## Recorded data
Start of Block

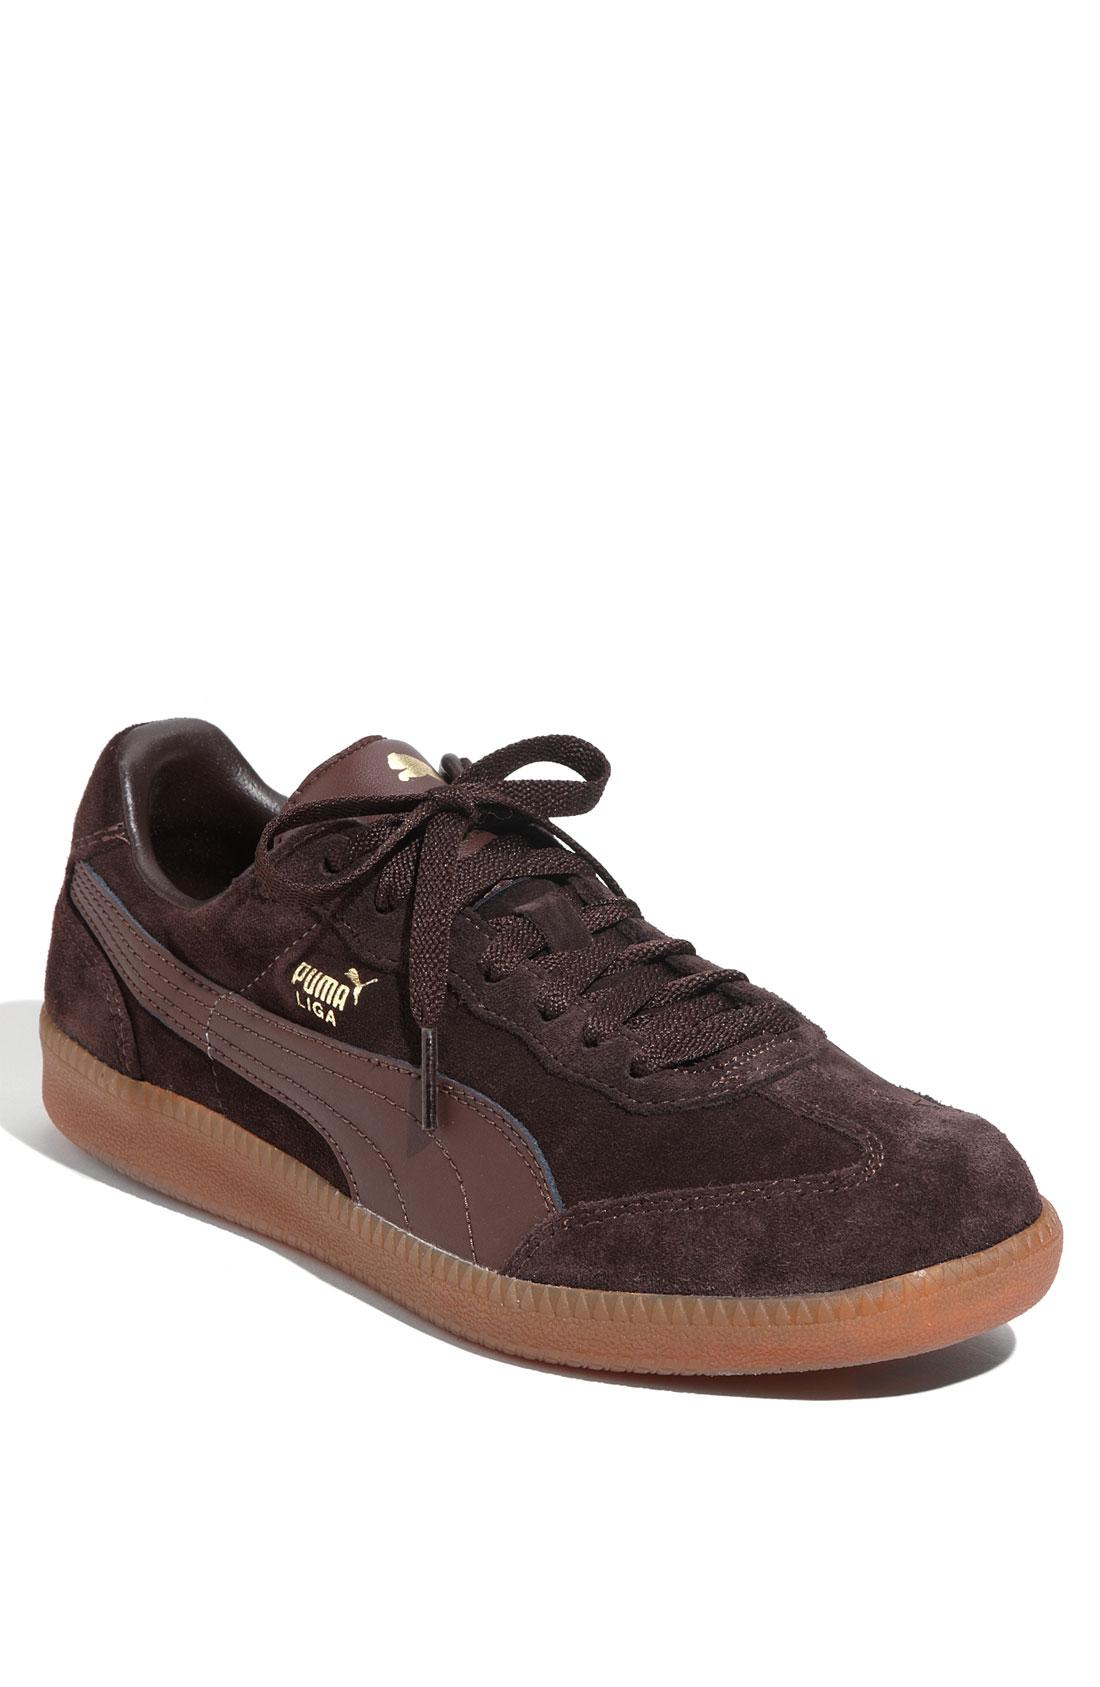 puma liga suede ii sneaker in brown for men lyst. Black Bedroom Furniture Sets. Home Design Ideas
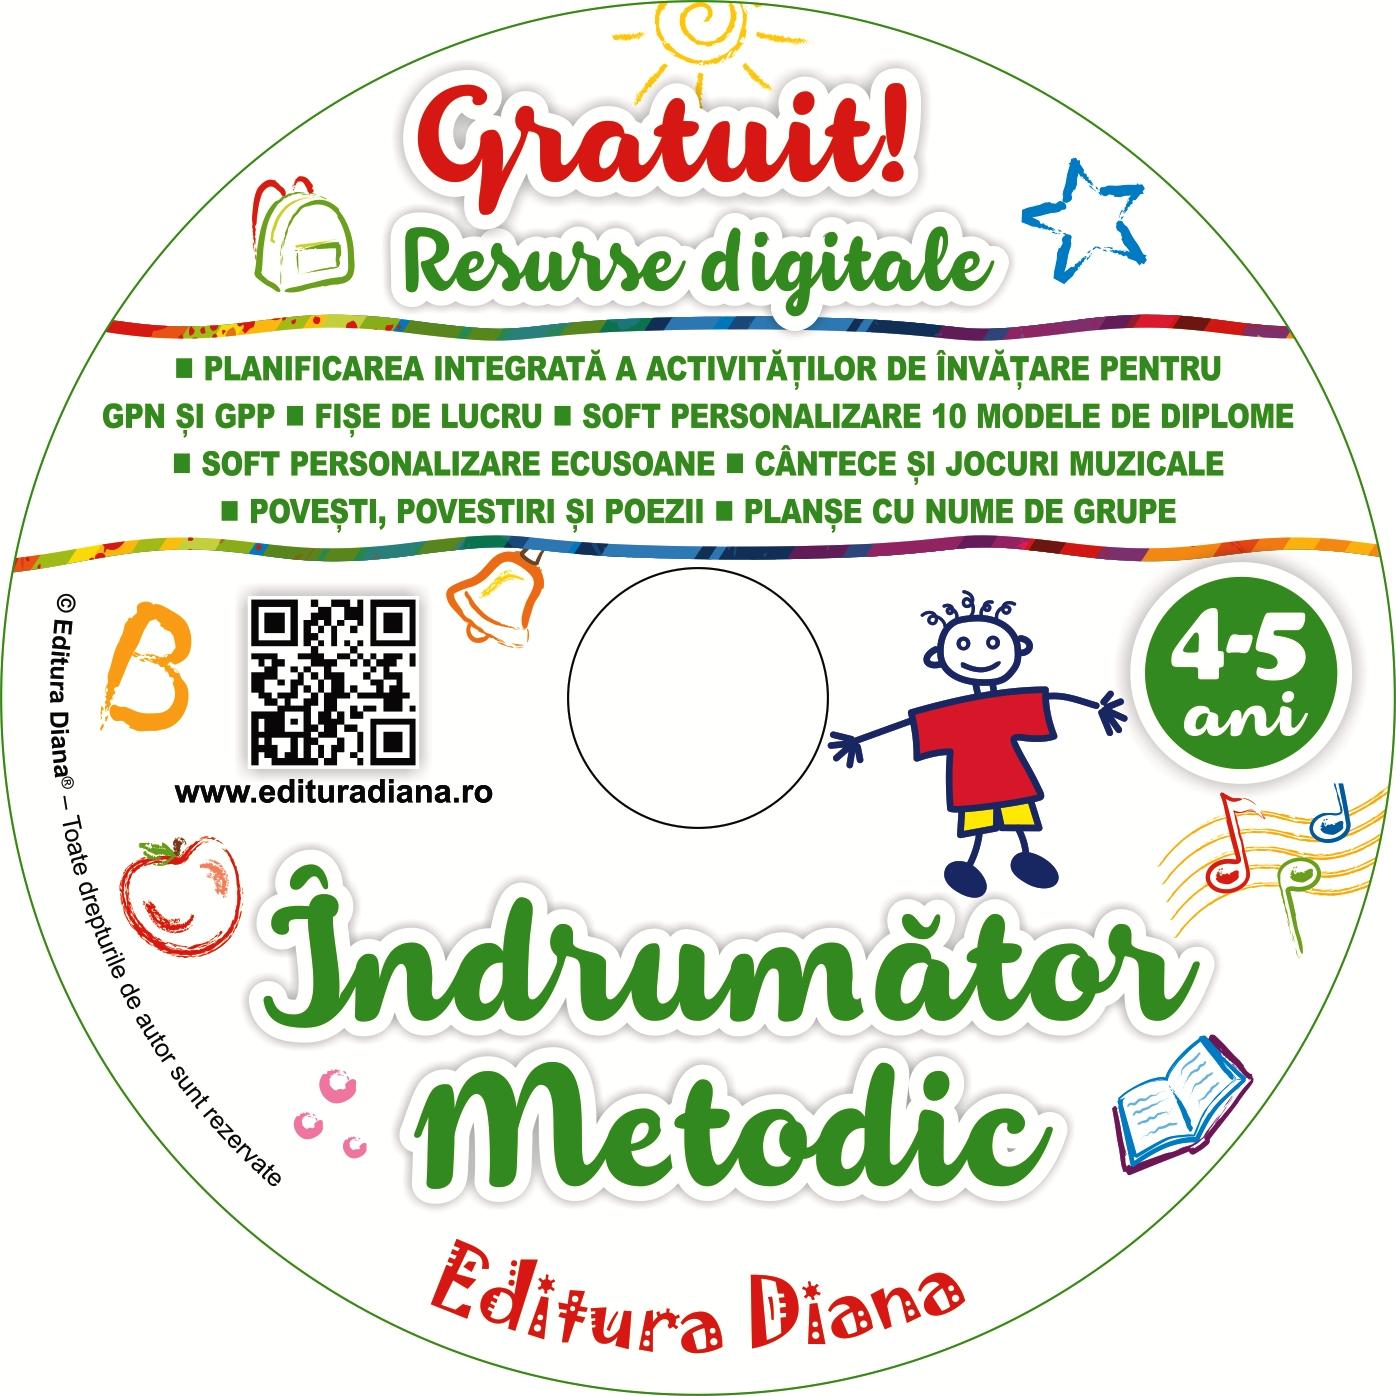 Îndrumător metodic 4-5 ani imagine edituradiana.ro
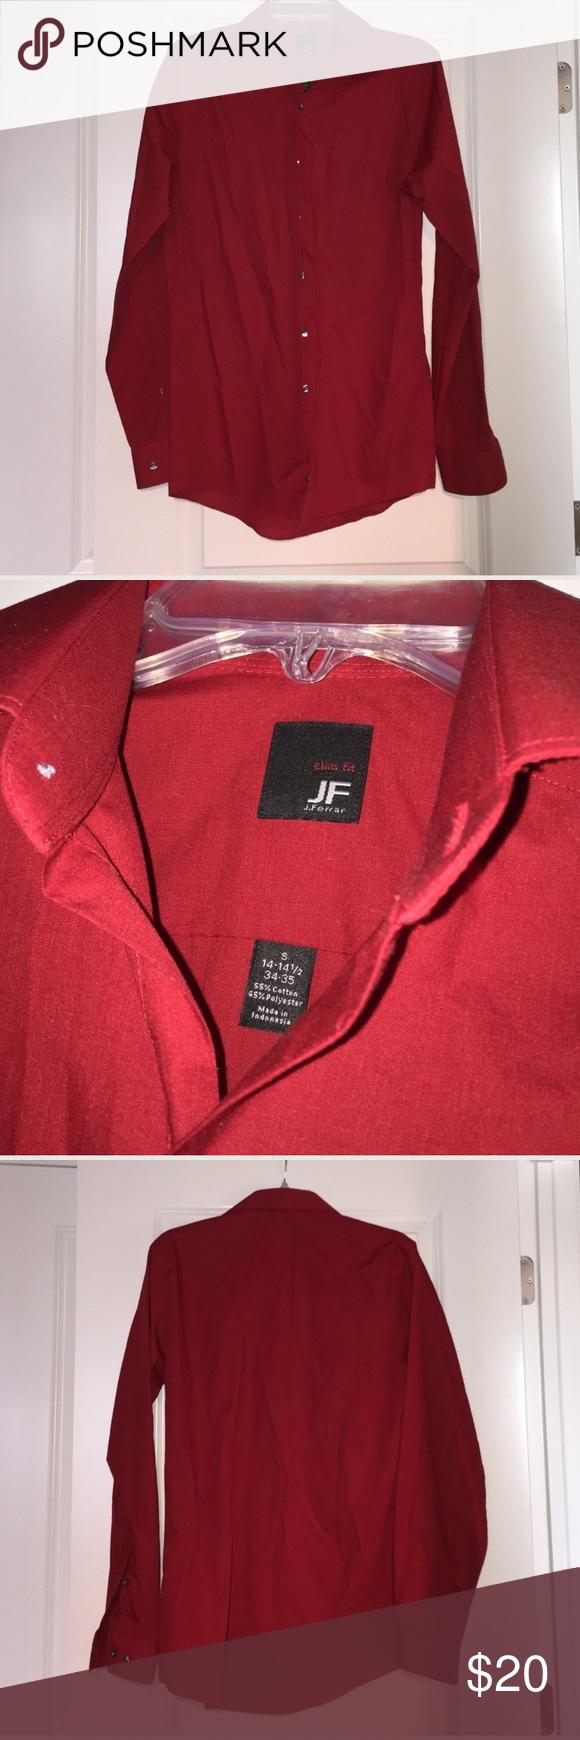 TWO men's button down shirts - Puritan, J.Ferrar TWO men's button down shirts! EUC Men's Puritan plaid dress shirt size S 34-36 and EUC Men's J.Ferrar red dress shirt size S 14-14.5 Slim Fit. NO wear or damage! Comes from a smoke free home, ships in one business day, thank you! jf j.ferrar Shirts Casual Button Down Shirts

End of Block

## Your assignment
Word for word, copy every line of the data, excluding any pictures.

## Result
 puma liga suede ii sneaker in brown for men lyst. Black Bedroom Furniture Sets. Home Design Ideas
 Îndrumător metodic 4-5 ani imagine edituradiana.ro
 TWO men's button down shirts - Puritan, J.Ferrar TWO men's button down shirts! EUC Men's Puritan plaid dress shirt size S 34-36 and EUC Men's J.Ferrar red dress shirt size S 14-14.5 Slim Fit. NO wear or damage! Comes from a smoke free home, ships in one business day, thank you! jf j.ferrar Shirts Casual Button Down Shirts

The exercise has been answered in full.